Universal Attacks on Equivariant Networks

27 Sep 2018  ·  Amit Deshpande, Sandesh Kamath, K V Subrahmanyam ·

Adversarial attacks on neural networks perturb the input at test time in order to fool trained and deployed neural network models. Most attacks such as gradient-based Fast Gradient Sign Method (FGSM) by Goodfellow et al. 2015 and DeepFool by Moosavi-Dezfooli et al. 2016 are input-dependent, small, pixel-wise perturbations, and they give different attack directions for different inputs. On the other hand, universal adversarial attacks are input-agnostic and the same attack works for most inputs. Translation or rotation-equivariant neural network models provide one approach to prevent universal attacks based on simple geometric transformations.
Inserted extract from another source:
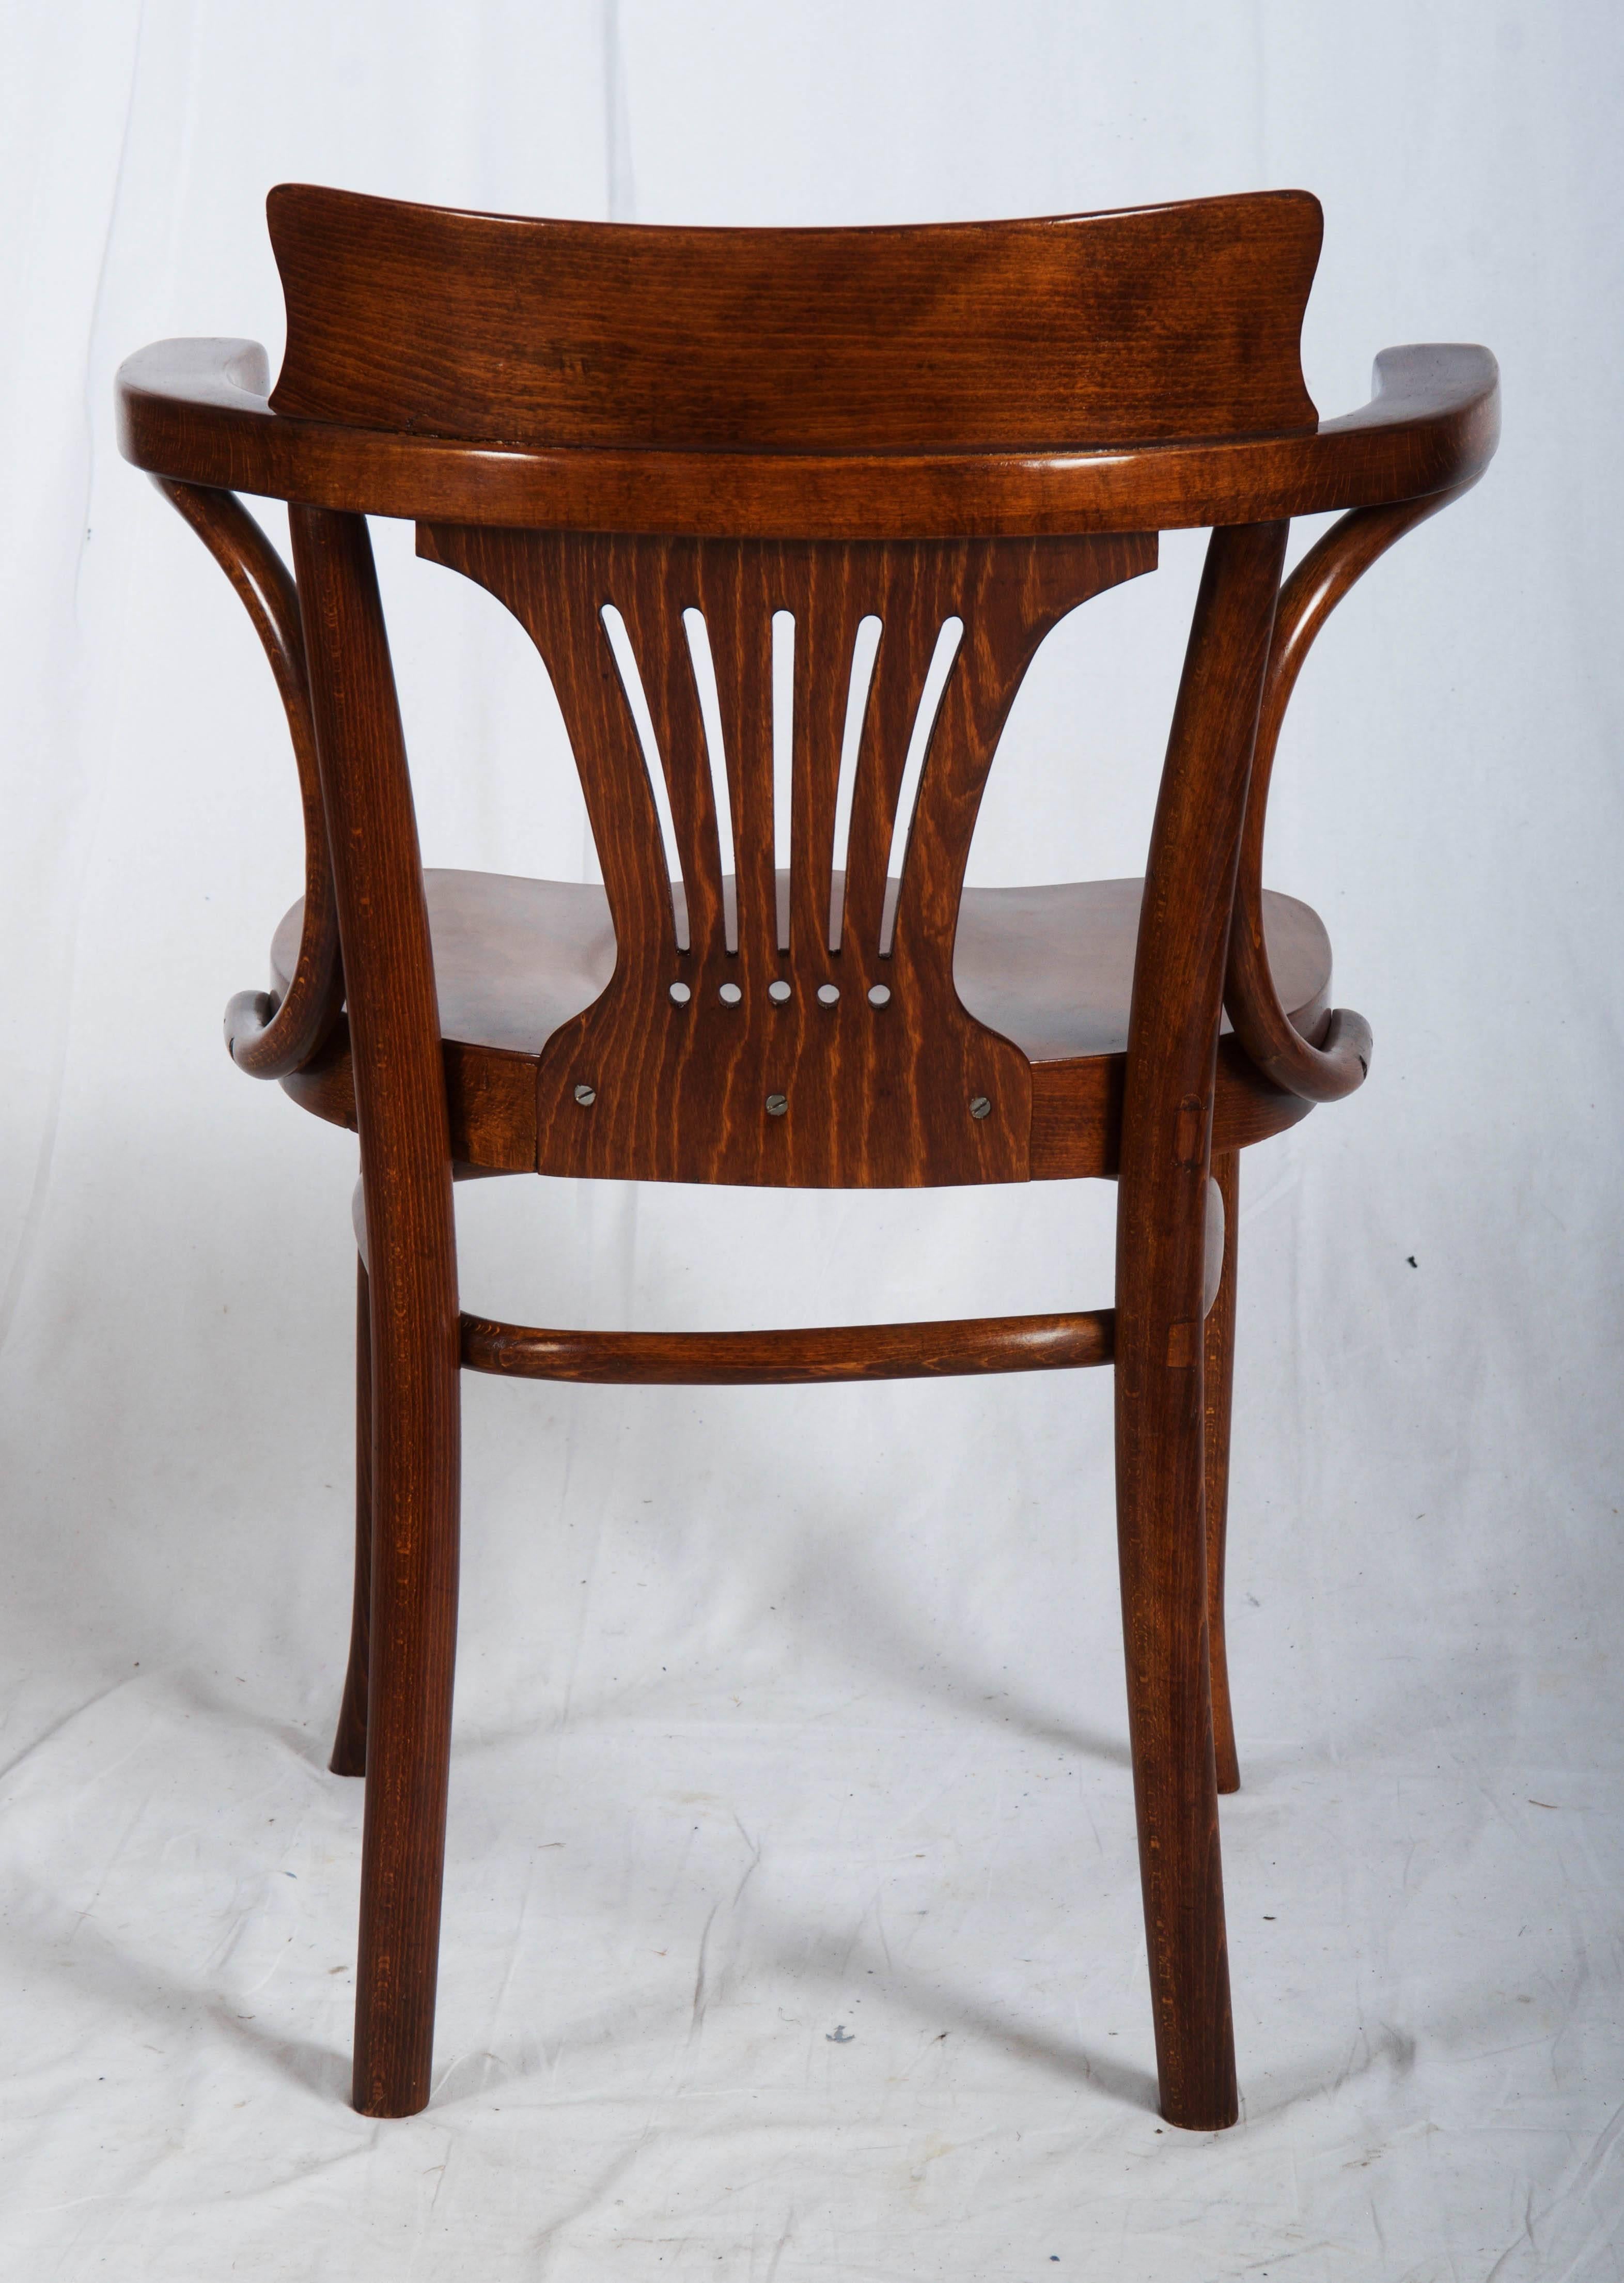 Beech bentwood Thonet catalog number 6070 fully restored made in Austria in the 1920s but the original design was created in the 1900-1905.
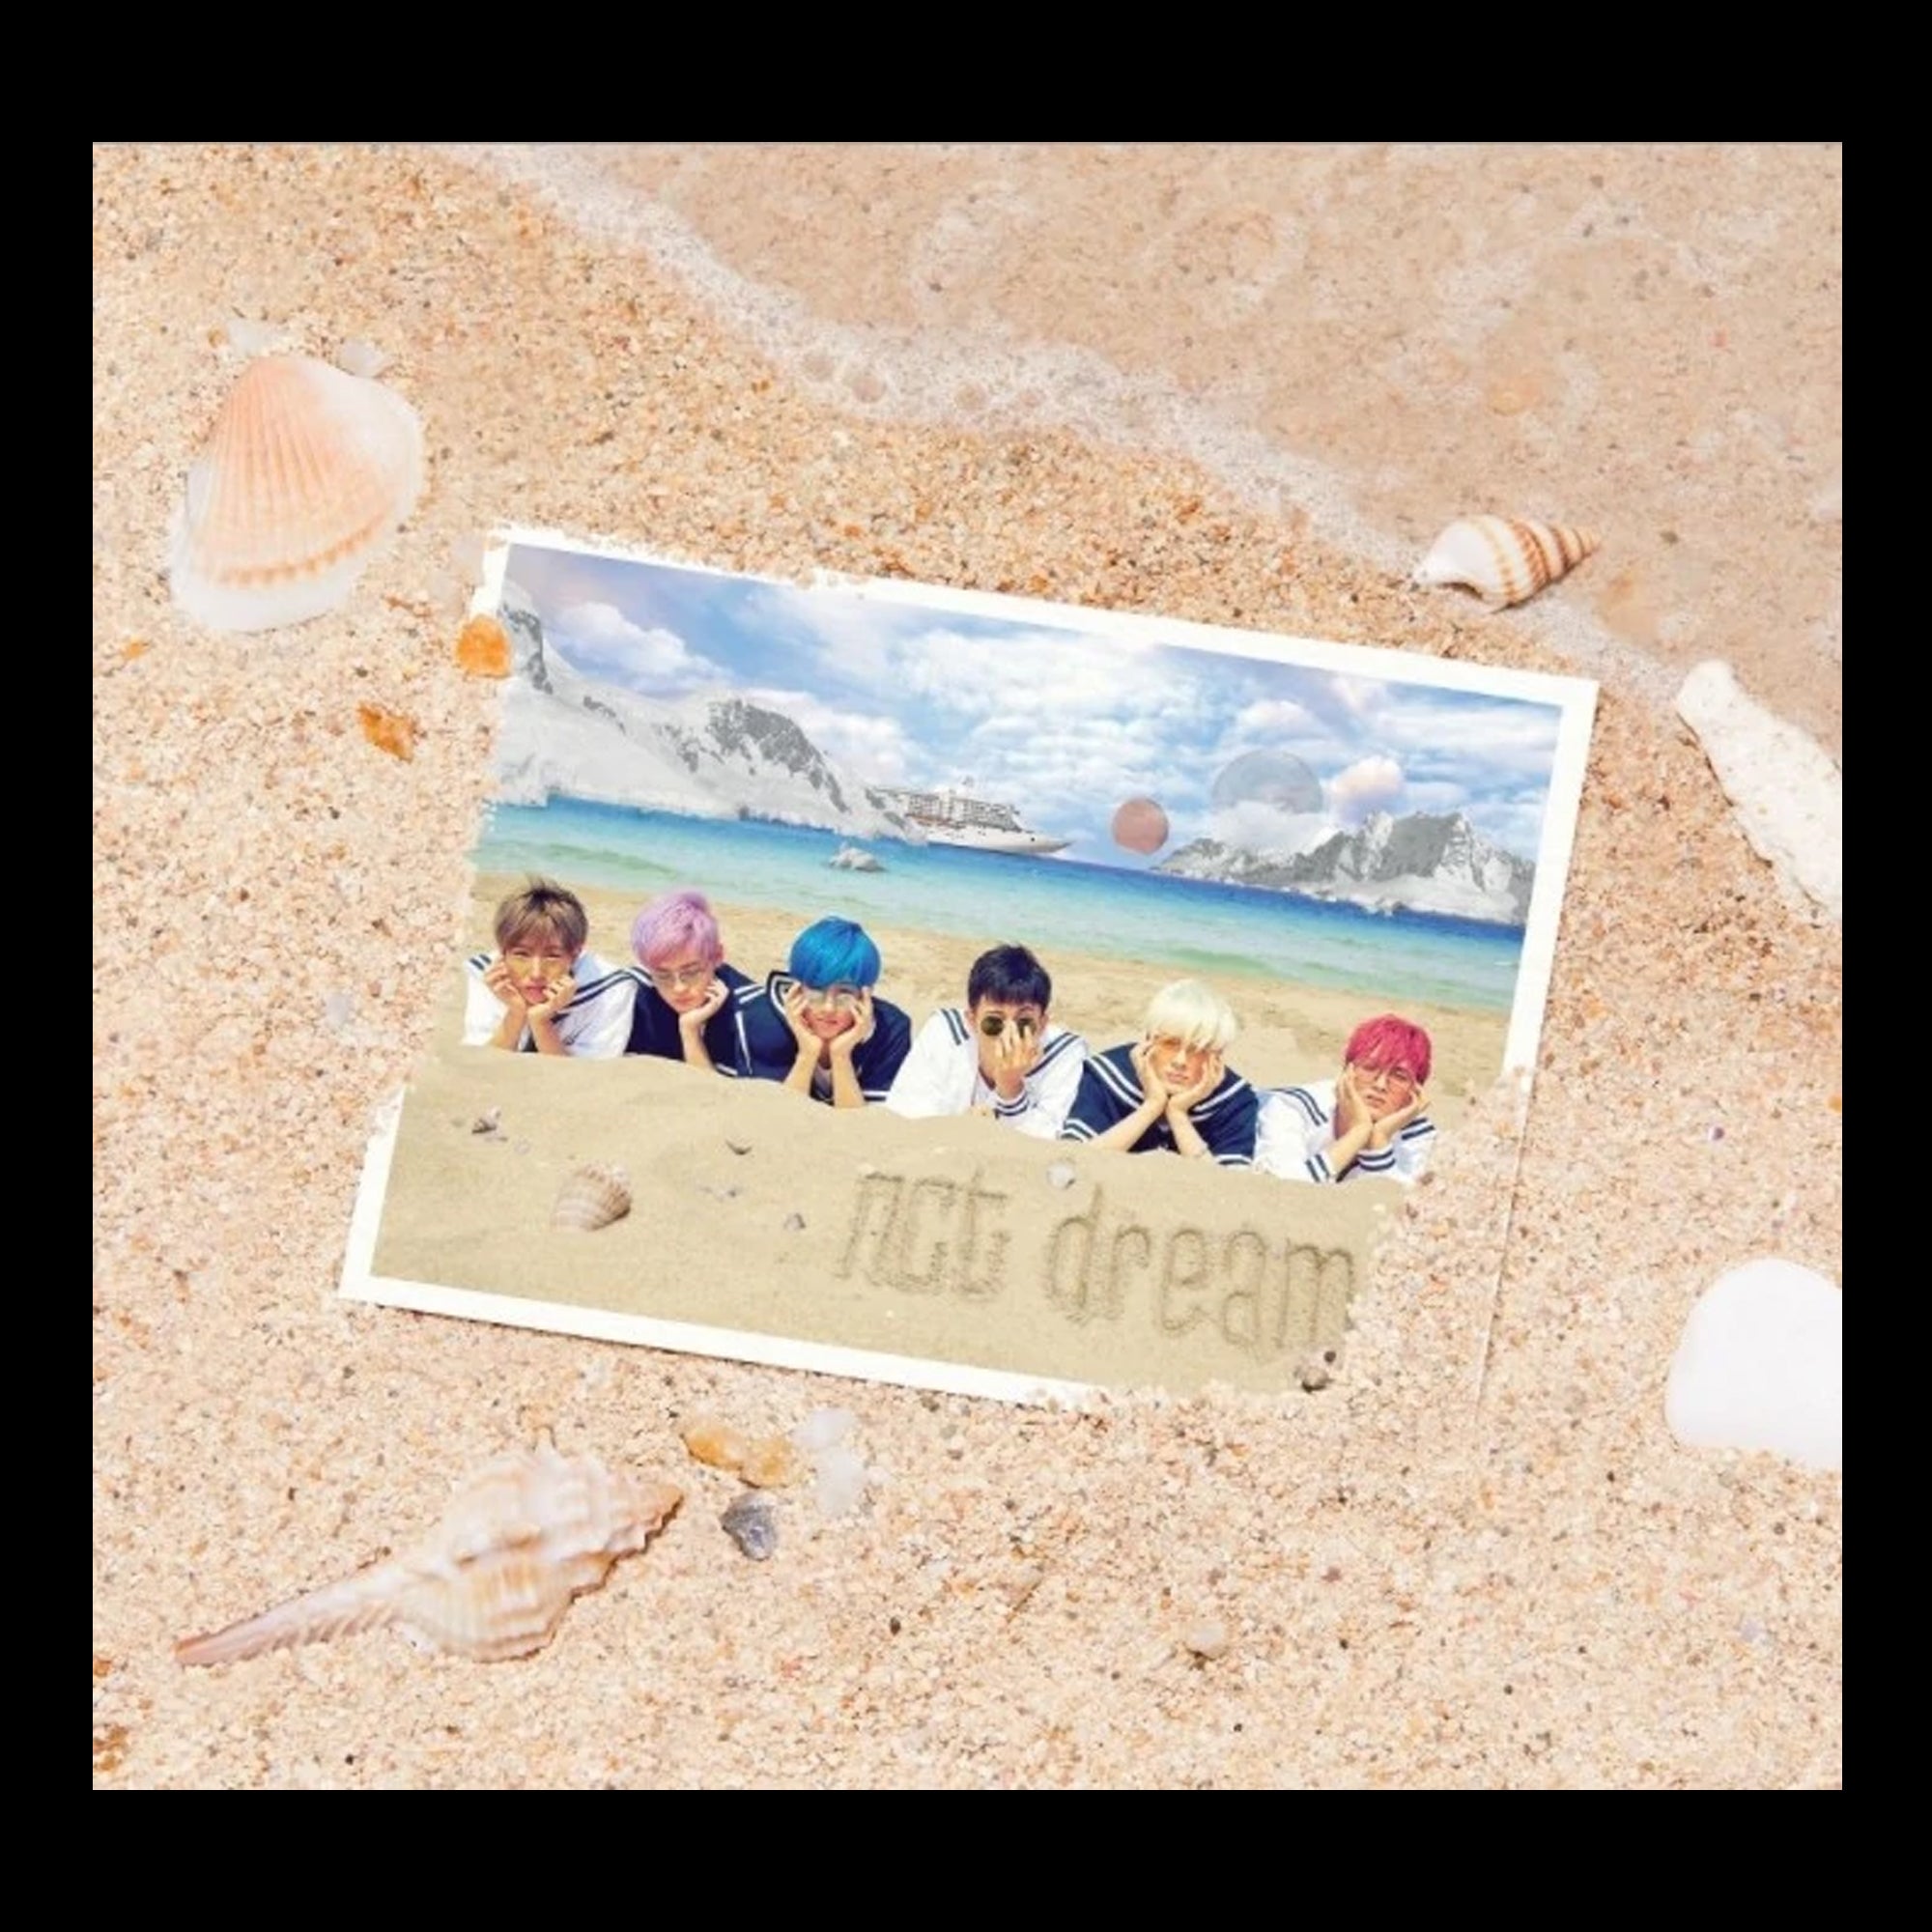 NCT DREAM - We Young

In this paper, we observe an interesting spectral property shared by all of the above input-dependent, pixel-wise adversarial attacks on translation and rotation-equivariant networks. We exploit this property to get a single universal attack direction that fools the model on most inputs. Moreover, we show how to compute this universal attack direction using principal components of the existing input-dependent attacks on a very small sample of test inputs. We complement our empirical results by a theoretical justification, using matrix concentration inequalities and spectral perturbation bounds. We also empirically observe that the top few principal adversarial attack directions are nearly orthogonal to the top few principal invariant directions.